Financial institutions such as John Hancock have become prime targets for states that have stepped up enforcement of escheatment laws. Jundt identified several areas where financial institutions were particularly vulnerable to liability in a recent article she penned for Bankers Digest. During an audit, states may find that financial institutions have not properly identified potential unclaimed property that should be included in their annual reports, have forgotten to return small loan credit balances to customers, have not followed up proactively to reactivate customers’ dormant accounts, or have simply made filings to the wrong state. Because financial institutions deal with massive amounts of money and potentially millions of customers, mistakes are often duplicated many times over, and this can lead to multiple fines that can add up to millions of dollars.
Staying in compliance
To avoid state actions, Anderson suggests companies reassess their policies and procedures on unclaimed property to make sure that they are in line with state regulations. Some states have changed their rules concerning the types of assets that are considered unclaimed property, so being proactive about compliance before being audited will help companies to avoid fines.
‘With so many states cash-strapped and extending their reach, being proactive has never been more important than now,’ says Anderson.
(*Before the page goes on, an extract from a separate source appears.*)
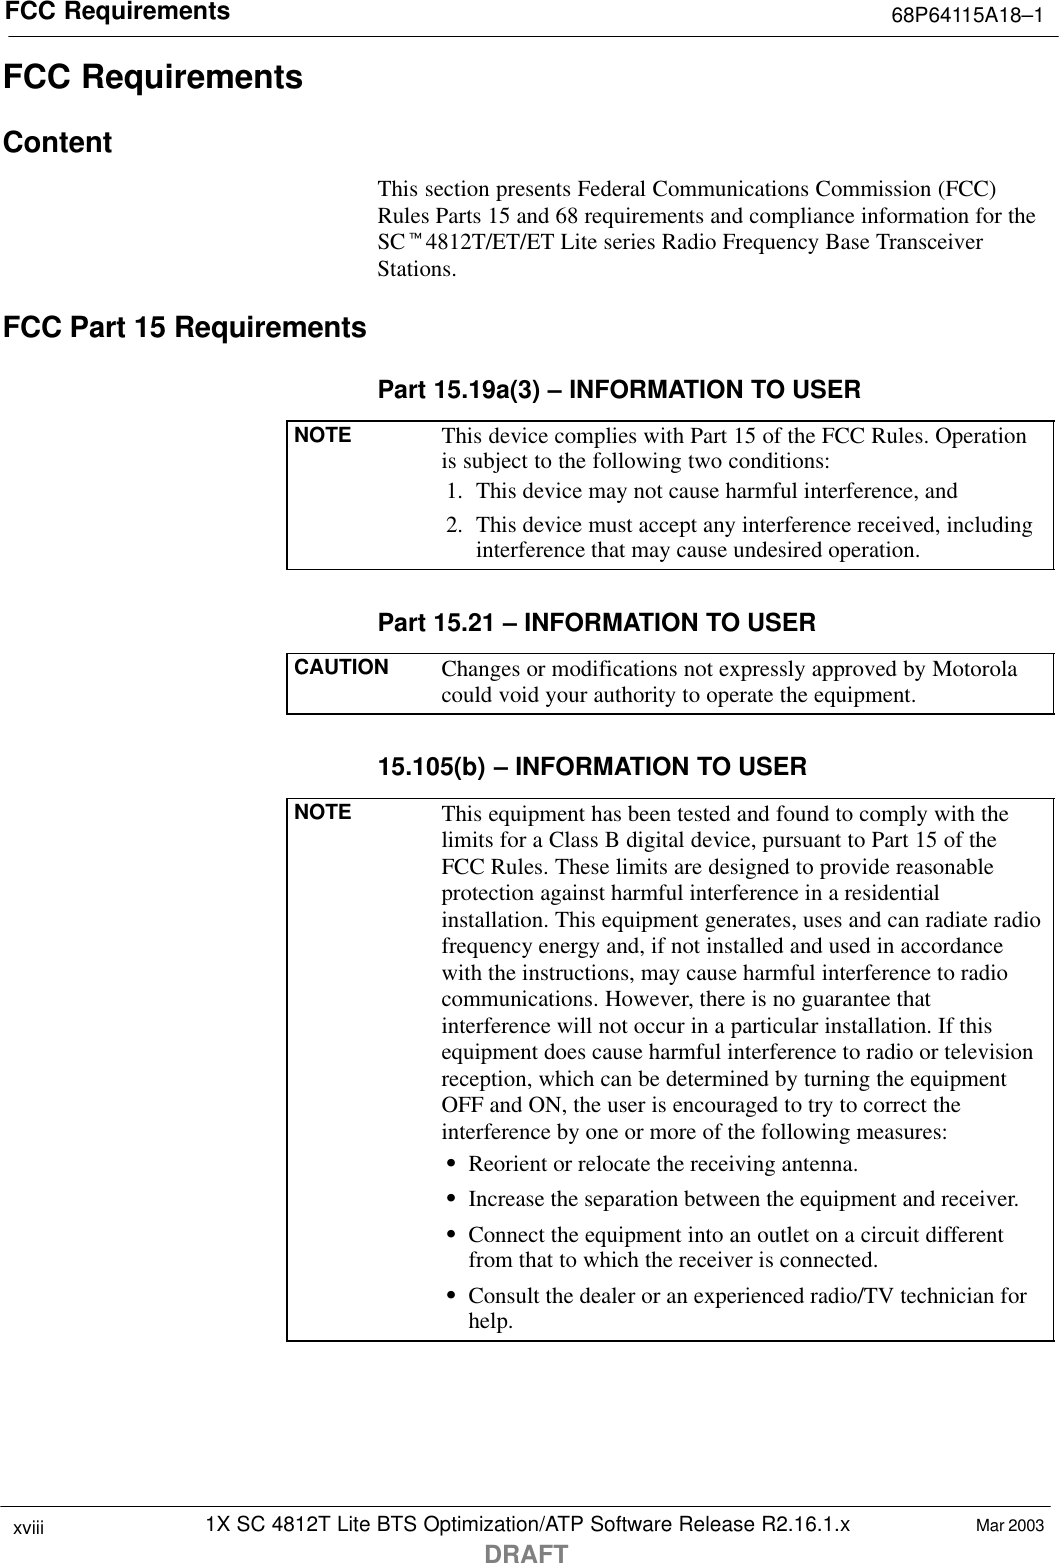 FCC Requirements 68P64115A18–11X SC 4812T Lite BTS Optimization/ATP Software Release R2.16.1.xDRAFTxviii Mar 2003FCC RequirementsContentThis section presents Federal Communications Commission (FCC)Rules Parts 15 and 68 requirements and compliance information for theSCt4812T/ET/ET Lite series Radio Frequency Base TransceiverStations.FCC Part 15 RequirementsPart 15.19a(3) – INFORMATION TO USERNOTE This device complies with Part 15 of the FCC Rules. Operationis subject to the following two conditions:1. This device may not cause harmful interference, and2. This device must accept any interference received, includinginterference that may cause undesired operation.Part 15.21 – INFORMATION TO USERCAUTION Changes or modifications not expressly approved by Motorolacould void your authority to operate the equipment.15.105(b) – INFORMATION TO USERNOTE This equipment has been tested and found to comply with thelimits for a Class B digital device, pursuant to Part 15 of theFCC Rules. These limits are designed to provide reasonableprotection against harmful interference in a residentialinstallation. This equipment generates, uses and can radiate radiofrequency energy and, if not installed and used in accordancewith the instructions, may cause harmful interference to radiocommunications. However, there is no guarantee thatinterference will not occur in a particular installation. If thisequipment does cause harmful interference to radio or televisionreception, which can be determined by turning the equipmentOFF and ON, the user is encouraged to try to correct theinterference by one or more of the following measures:SReorient or relocate the receiving antenna.SIncrease the separation between the equipment and receiver.SConnect the equipment into an outlet on a circuit differentfrom that to which the receiver is connected.SConsult the dealer or an experienced radio/TV technician forhelp.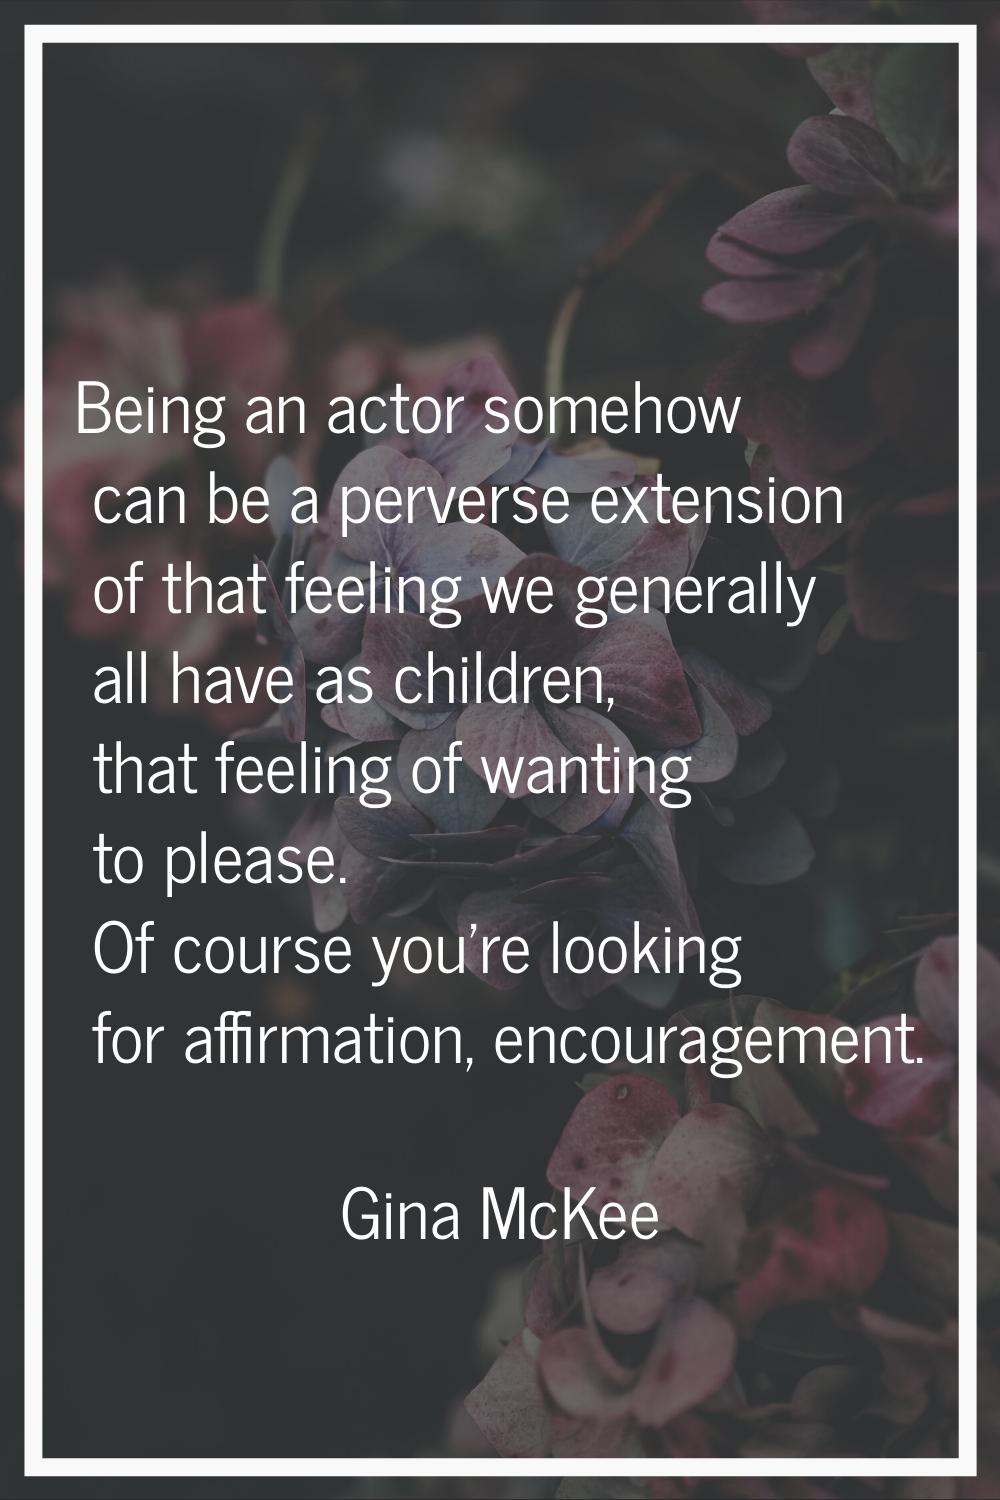 Being an actor somehow can be a perverse extension of that feeling we generally all have as childre

Companies should also review the effectiveness of their unclaimed property efforts more regularly, looking for ways to improve efficiency. A quarterly review of company procedures involving reaching out to unclaimed property owners or exploring new options for locating beneficiaries is a positive step.
Buonomo, whose company helps stock issuers locate the owners of lost shares, says stock issuers, who often find themselves in the position of locating beneficiaries of shareholders who have died or forgotten about shares, should consider implementing escheatment programs that can handle unclaimed property issues in the future. He says such programs, which actively seek out the owners of unclaimed property and return it to them, can have a positive effect on the reputation of a company. Stock issuers usually don’t pay for programs that return shares to shareholders – instead, companies charge the shareholders a fee for alerting them to their lost asset. Even thought they have to pay a little to get hold of their assets, customers will generally think highly of a company that is honest enough to return money to them that they didn’t know they had coming.
Such programs can also protect corporate secretaries and investor relations executives from the wrath of their boards. ‘If you get hit with a $500,000 fine from California for being late on escheatment of property, no exec is going to be able to explain that away to the board,’ Buonomo says.